Третий же, услыхав приговор и узнав, что наказан легче прочих соратников, вдруг плачет.

От неожиданного облегчения? Нет же!

— Что это значит? — спрашивает его удивленный и строгий товарищ.

— Мне стыдно и досадно, что приговор мой такой ничтожный и я буду лишен чести разделить с вами ссылку и заточение.

Известны слова Рылеева — из услышанных от него на Сенатской площади:

— Последние минуты наши близки, но это минуты свободы. Мы дышали ею, и я охотно отдаю за них жизнь свою.

Но те, кого лишили чести разделить участь казненных, кто уцелел, кто пошел на долгие годы — а обещалось, что навечно, — в Сибирь, ведь и они сумели до самых последних дней дышать внутренней своей свободой. Пусть не все до единого, но многие, большинство, они — как явление и понятие.

Им самим не всегда верилось, что такое будет возможно.

Открываю книгу одного из декабристских мемуаристов, барона Розена, — она у меня есть стараниями сестры Катерины, Вам известной.
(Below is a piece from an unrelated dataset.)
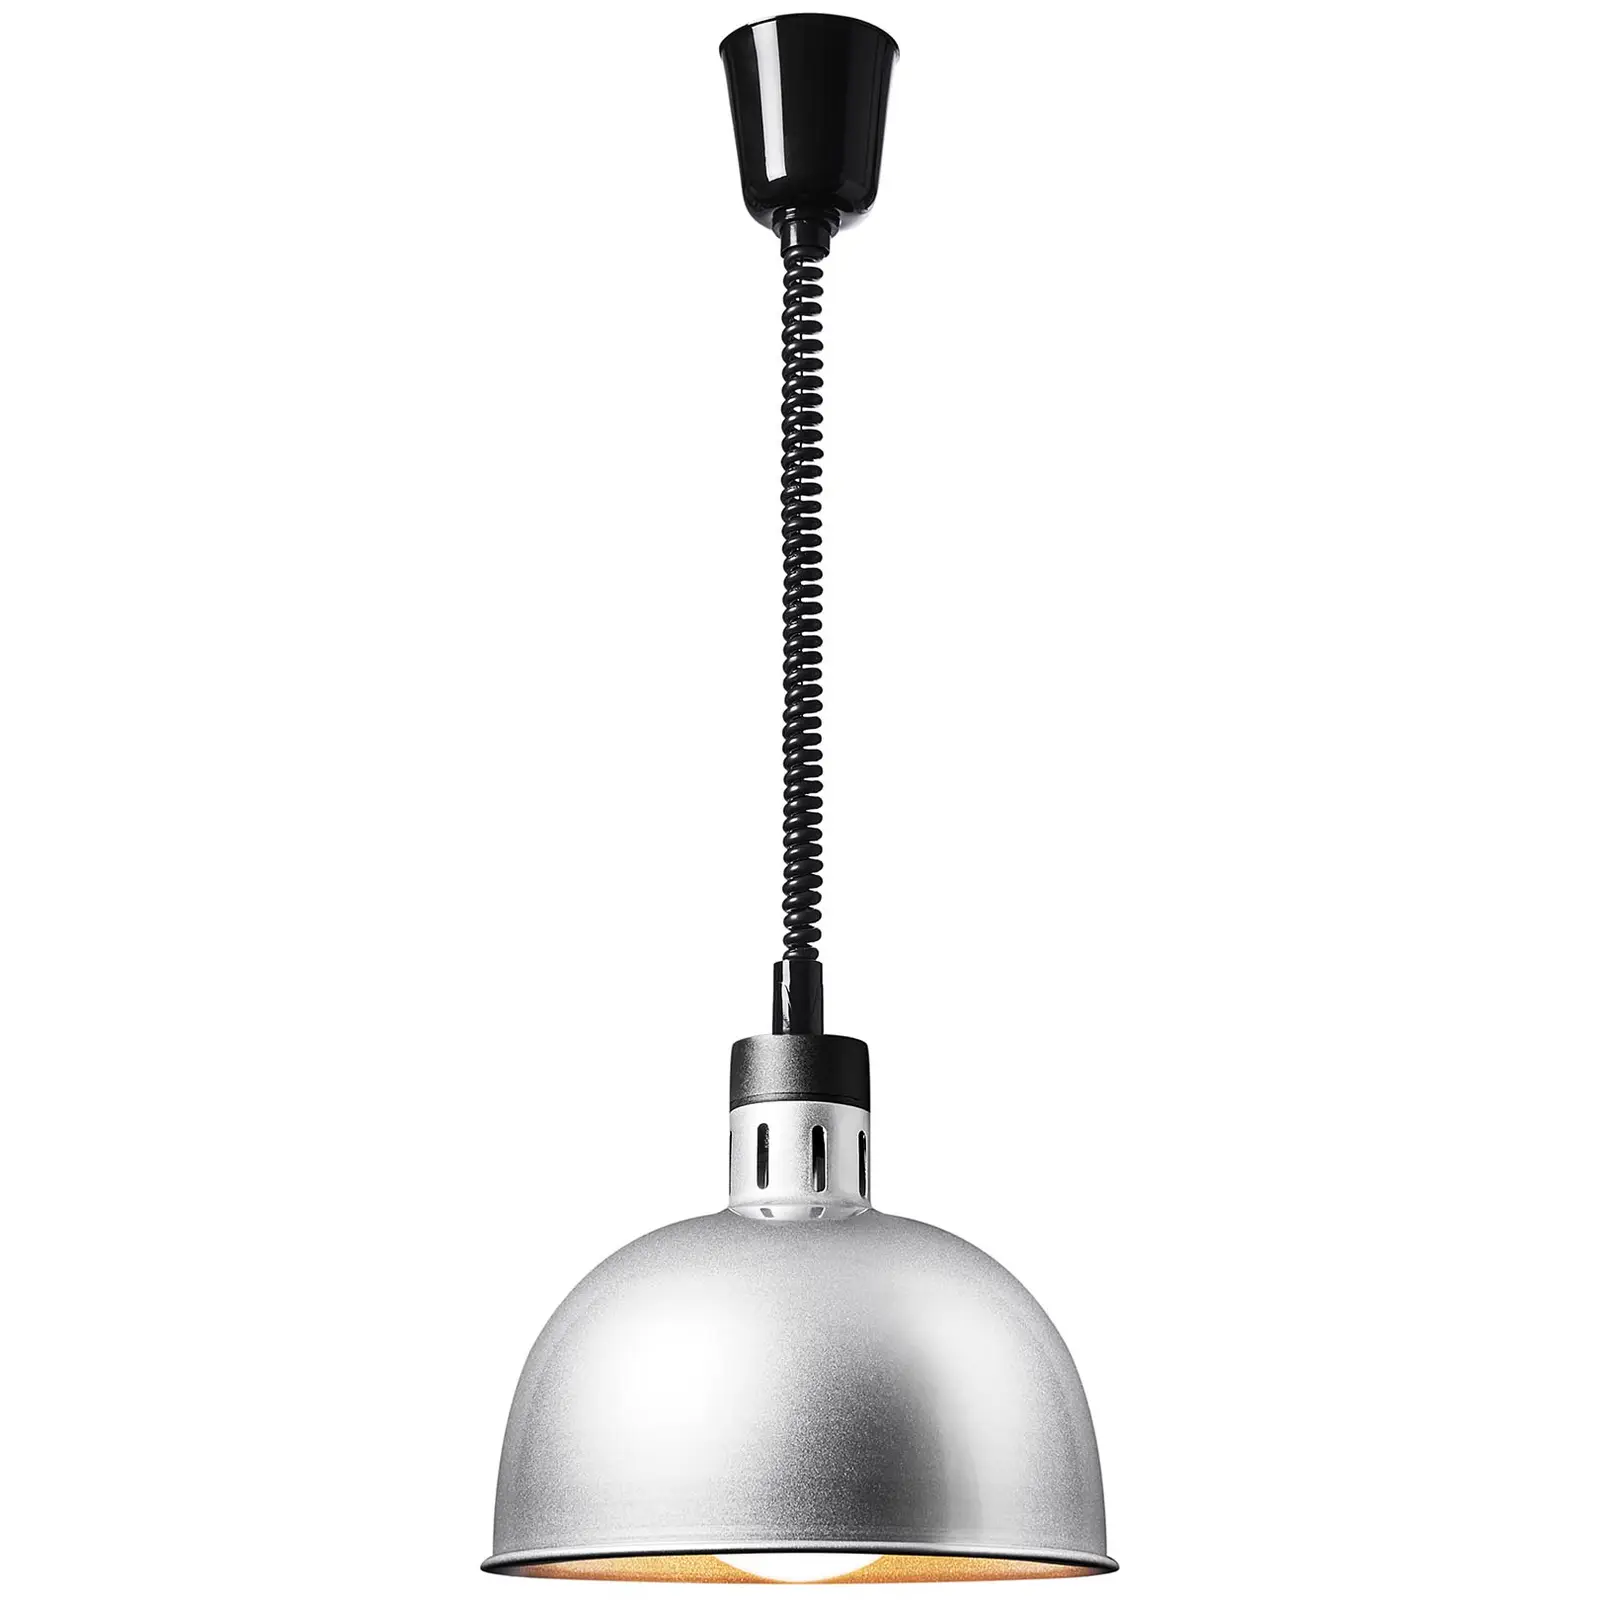 Lampada riscaldante - argento - 28.5 x 28.5 x 29 cm  - acciaio - regolabile in altezza

Читаю — а Вы послушайте:

«Будущность нашу на поселении рисовал он (это Розен о Лунине) самыми мрачными красками, утверждая, что всем нам предстоят только три дороги, кои все поведут к погибели: одни женятся, другие пойдут в монахи, третьи сопьются».

В монахи никто не постригся; жениться женились — на местных, притом многие счастливо; не спился… что ж, по сравнению с будущим поколением можно снова сказать: никто, — словом, «все мы», то есть они, не погибли. Не потеряли себя, — а как знать, вдруг да в чем-то и обрели?